Saturday, September 11, 2010

Is it September 11th already?

From the TV you would think that it was the 10th anniversary, but I counted on my fingers and it's the 9th.

I have already blogged about my 9-11 experience, so I don't think that I'll do that again.

In case you were wondering where I was last week, we went to Oklahoma City. Oklahoma City is not that far away, and over the years we have been there many times. But I was watching the series Saving Grace, and I realized that I'd never been to the memorial, where the Murrah Federal Building had been. My husband had been outside it, but never to the museum inside, and I had never been there at all.

My husband was scheduled to work in Oklahoma City for a couple of weeks, and then another week, and then another. But during this time I had to be home because of the termites or because of the kitchen wall being fixed, or maybe just that I didn't want to leave the plants that long without water. I said that if he went back again I wanted to go, and I wanted to go to the museum.

I got to do a few other things. We went to a couple of restaurants that we like, and it was nice to have access to a pool for a while, and we had other things that we would have liked to do if we had stayed a day later (which we didn't do when we found out about this trip), but the main thing I had planned was going to the memorial.

There's a room with pictures of all the victims. And there's a space for the family to put an item that might tell you something about the person in the picture. A golf ball, a baseball, another picture, a poem, a figurine, a Christmas ornament, a service pin, etc.... Two of the victims were Trekkies, cause they had little Starfleet ships next to their pictures. A few pictures had really odd things, like one girl had a credit card, and another girl had hairspray. And a few pictures didn't have anything with them, but most of those were adults, and I thought maybe they just didn't have family, or that they were not close with their family anymore, and so there was either no one to pick what should go with the picture, or no one knew what should go there.

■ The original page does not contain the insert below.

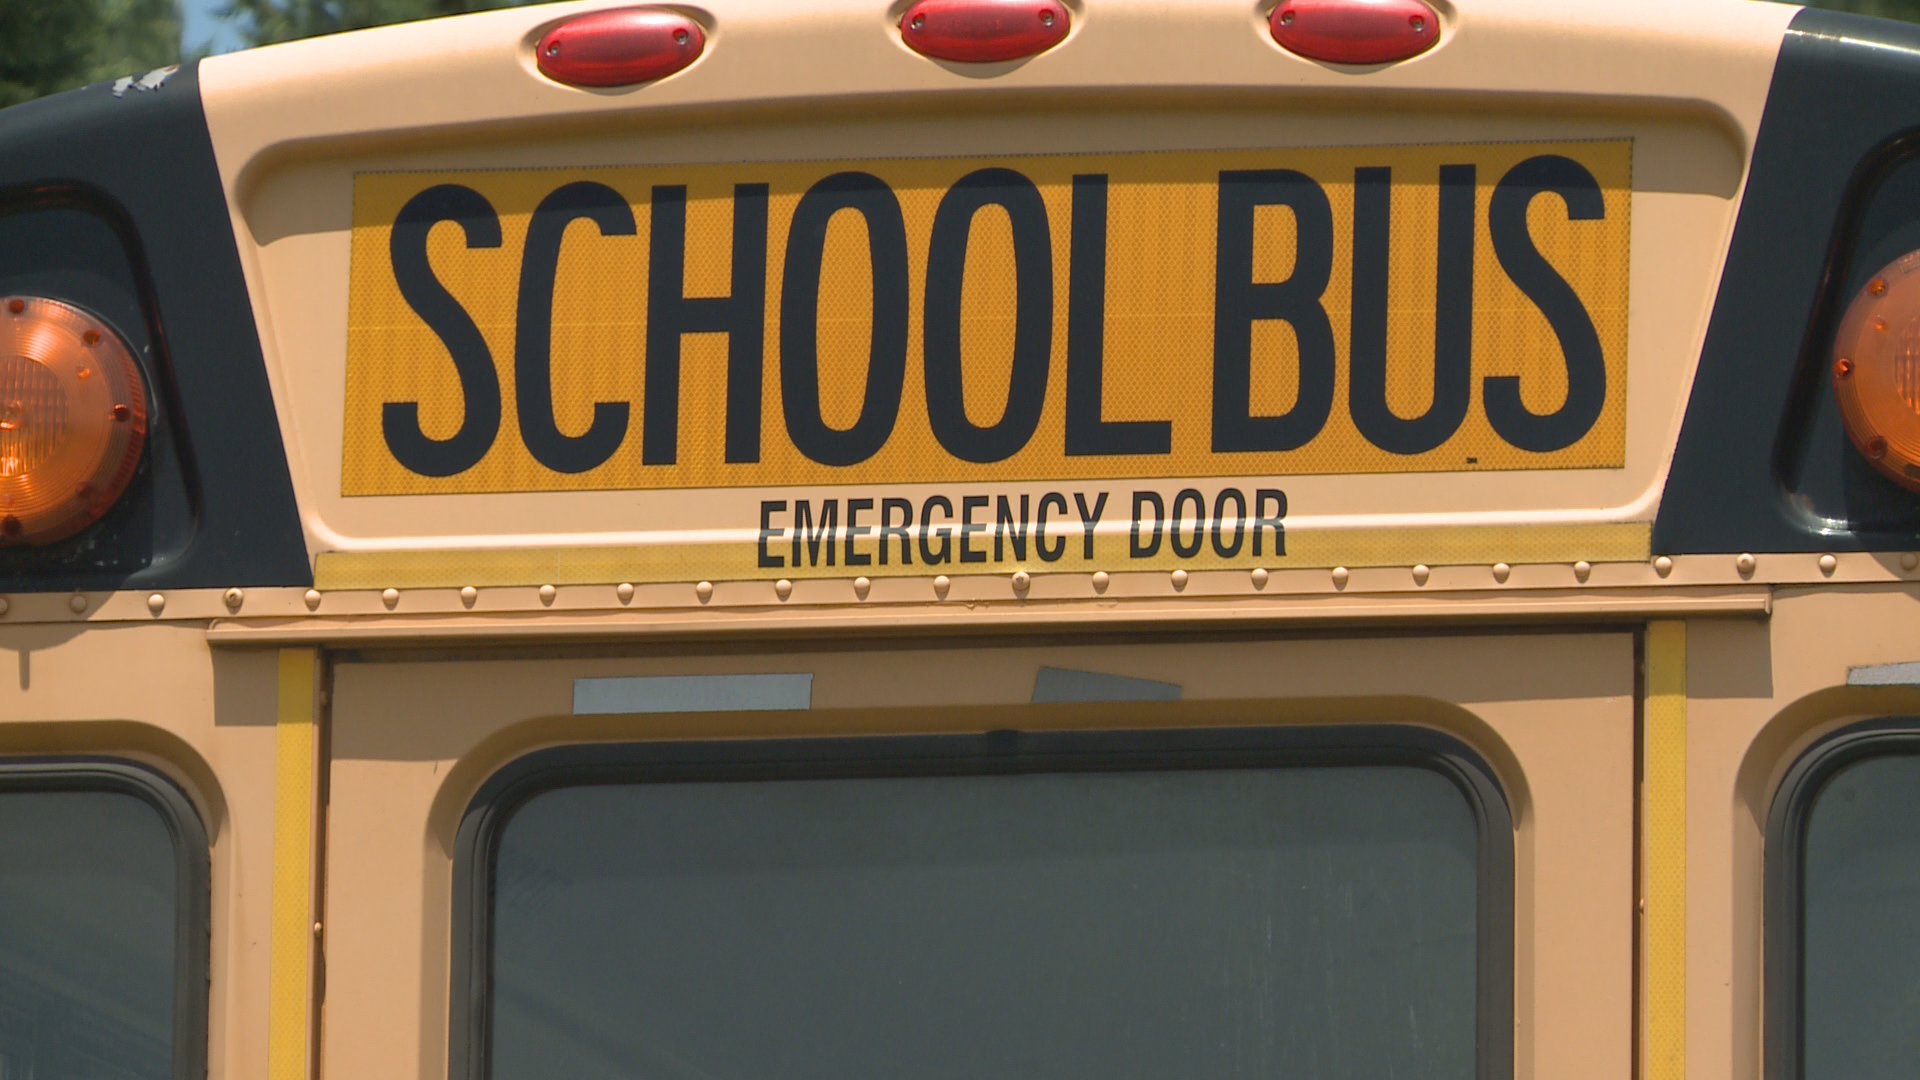 Knox County Schools is closing early on Jan. 9, thanks to heavy rain and high winds in the area.

But one lone picture was of a baby. Surely the baby had a family. Surely someone cared about the baby. How else did the baby get to the daycare (or elsewhere in the building) if he didn't have someone? But no one left a teddy bear, or a figurine, or a poem, just the picture.

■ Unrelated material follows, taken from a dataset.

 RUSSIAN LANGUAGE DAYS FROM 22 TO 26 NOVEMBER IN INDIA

There's a calender with the birthdays of all the victims. There were 168 victims, so that takes up about half of the dates.

There were many newspaper articles, some about people suspected of being responsible. I knew when it happened that it wasn't them, that it was one of us. I didn't get the whole Waco connection, I just thought it was someone who didn't like paying taxes. I was really surprised when 9-11 turned out to be foreigners, but as my husband pointed out, our nut jobs mainly like to kill other people, but their nut jobs will also commit to killing themselves.

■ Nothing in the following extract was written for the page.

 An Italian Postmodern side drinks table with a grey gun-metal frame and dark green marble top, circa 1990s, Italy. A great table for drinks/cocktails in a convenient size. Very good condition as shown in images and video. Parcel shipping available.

The outside is pretty, sort of like the reflecting pool in Washington DC. And there are things that look like chairs, one for each victim, each with a name. And then there's a big tree that survived the bomb.

You could spend all day in there reading stuff and watching videos, but my husband had to work, and we only paid for two hours of parking.

Enough of that. I'm going back to knitting and watching cable TV.

3 comments:

Ananda girl said...

I have never been there. It must be very interesting and sad. I wonder if it would be possible to donate a teddy bear to that baby or if you have to be family? Thank you of the reminder and the mental picture of what the memorial is like.

laughing said...

No, this is something special that the family donates, something that represents the person in the picture. Only, with small children, there hasn't been much time to find out what represents them, so they had dolls and teddy bears and poems. Older people had stuff from work or school or a hobby.

Anyway, you wouldn't donate a bear for the baby, cause it isn't your baby from your family, and anyway maybe his special toy was a stuffed turtle. I just wonder why he didn't have anything.

There's a place outside where people leave teddy bears and flowers, and for some reason a lot of t-shirts. But that's not the same.

dmarks said...

Sad.

Oklahoma City is part of a large area in the middle of the country I've not been near. Like with Fresno.